Metadata collection is best-effort: if a query fails the affected field is omitted and the backup continues normally.
Development
Building
make build
Installing into Plakar
make reinstall # build, package, uninstall old, install
make reinstall PLAKAR=~/dev/plakar/plakar # use a development build of Plakar
make reinstall VERSION=v1.2.0 # override the package version
reinstall is the usual iteration loop: it removes the previously installed
package (if any), rebuilds the binaries, creates a fresh .ptar, and installs
it. The individual steps are also available as separate targets:
| Target | Description |
|---|---|
make build |
Compile the three plugin binaries |
make package |
Build then create the .ptar package |
make install |
Package then install into Plakar |
make uninstall |
Remove the installed postgresql package |
make reinstall |
uninstall + install in one step |
Integration tests
The test suite uses testcontainers-go to spin up real Docker containers — no mocks.
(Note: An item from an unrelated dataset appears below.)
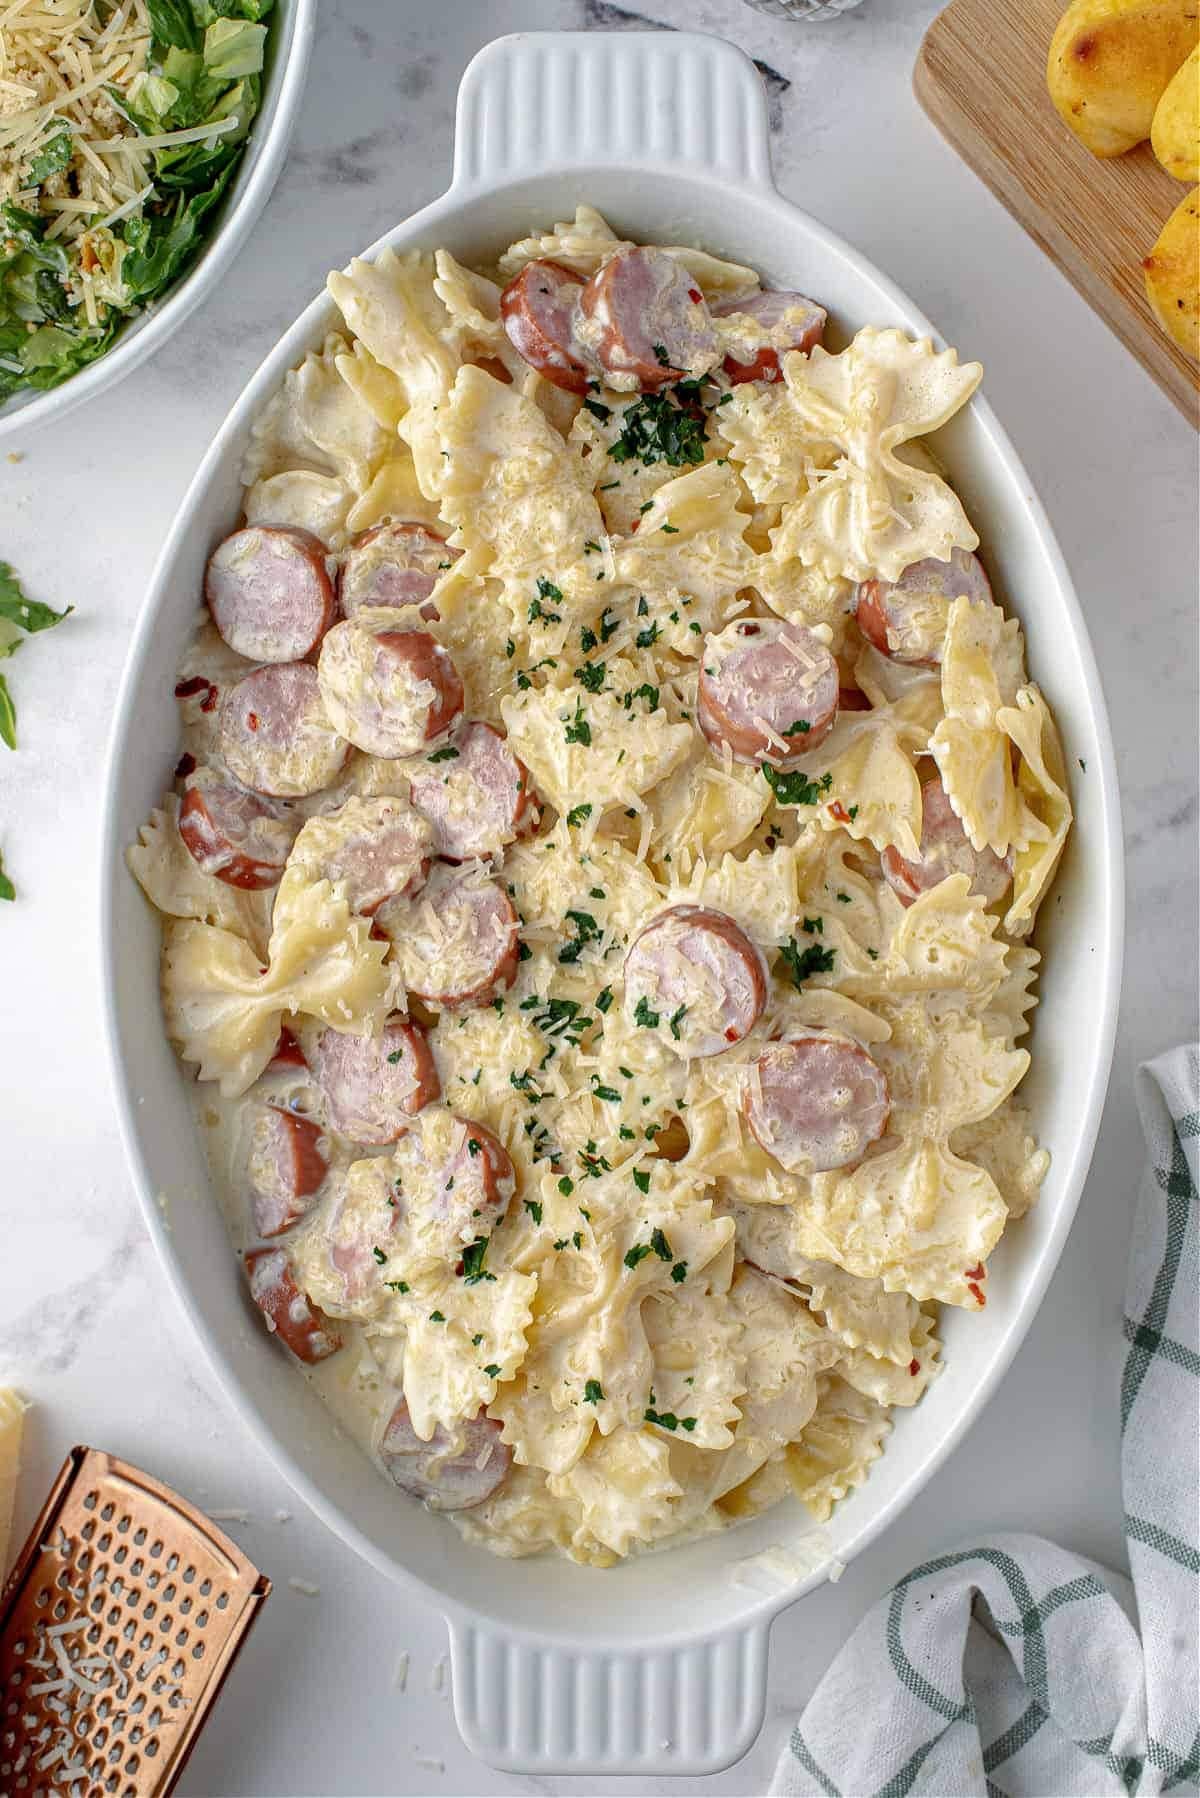 Mouth-watering pasta casserole featuring sausage and gooey cheese
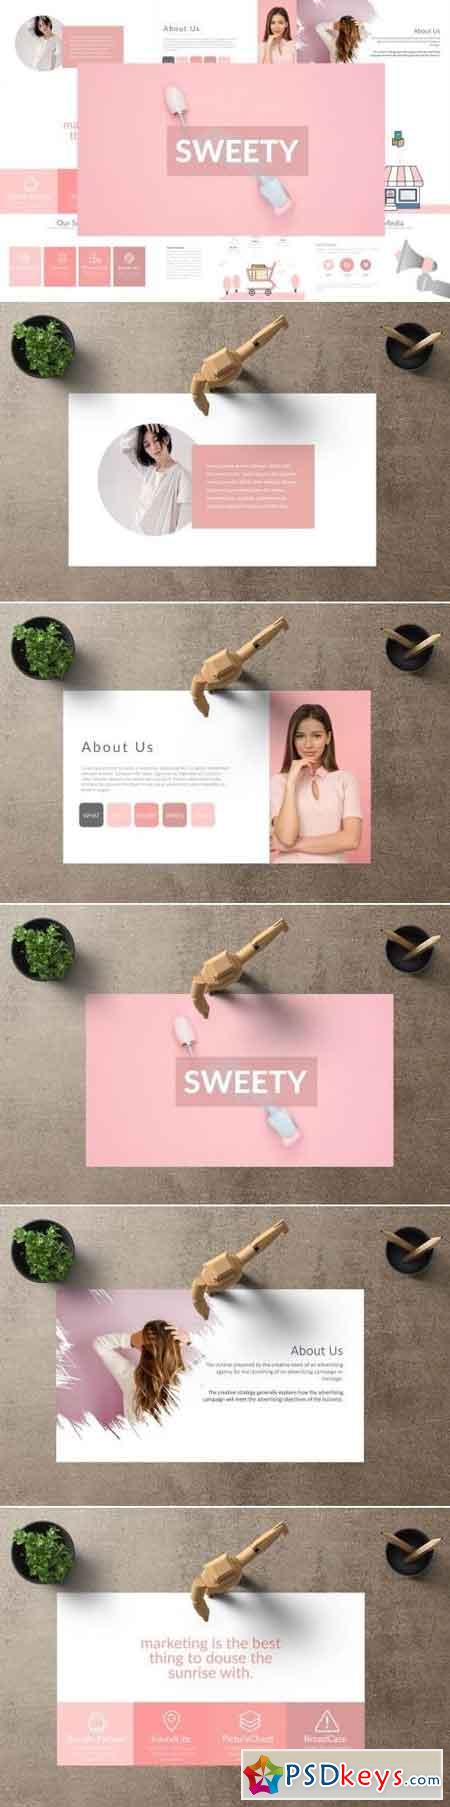 SWEETY Powerpoint Template

Requires Docker to be running.
make integration-test
Testing restores with a local database
make testdb starts a throw-away PostgreSQL container on port 9999 and
prints the commands needed to restore a snapshot to it:
make testdb
The container runs in the foreground. In a second terminal, use the printed commands to configure the destination and trigger a restore:
plakar destination rm mydb
plakar destination add mydb postgres://postgres@localhost:9999 password=postgres
plakar restore -to @mydb <snapid>
Open questions
Compression default
pg_dump compression is currently disabled by default (compress=false)
so that Plakar's own compression and deduplication can operate on
uncompressed data. Pre-compressing the dump would produce an
incompressible stream, defeating both Plakar's compression ratio and
its ability to deduplicate chunks across snapshots.
However, the trade-off is not clear-cut. Depending on the size of the
database, the network bandwidth between the backup host and the
PostgreSQL server, and the Plakar store backend in use, it may be more
efficient to let pg_dump compress the stream and simply store it
opaquely. More benchmarks across a variety of workloads are needed
before settling on a final default.
This is something to revisit after more testing.
This integration was mostly vibe-coded with Claude but has been manually tested and reviewed throughout.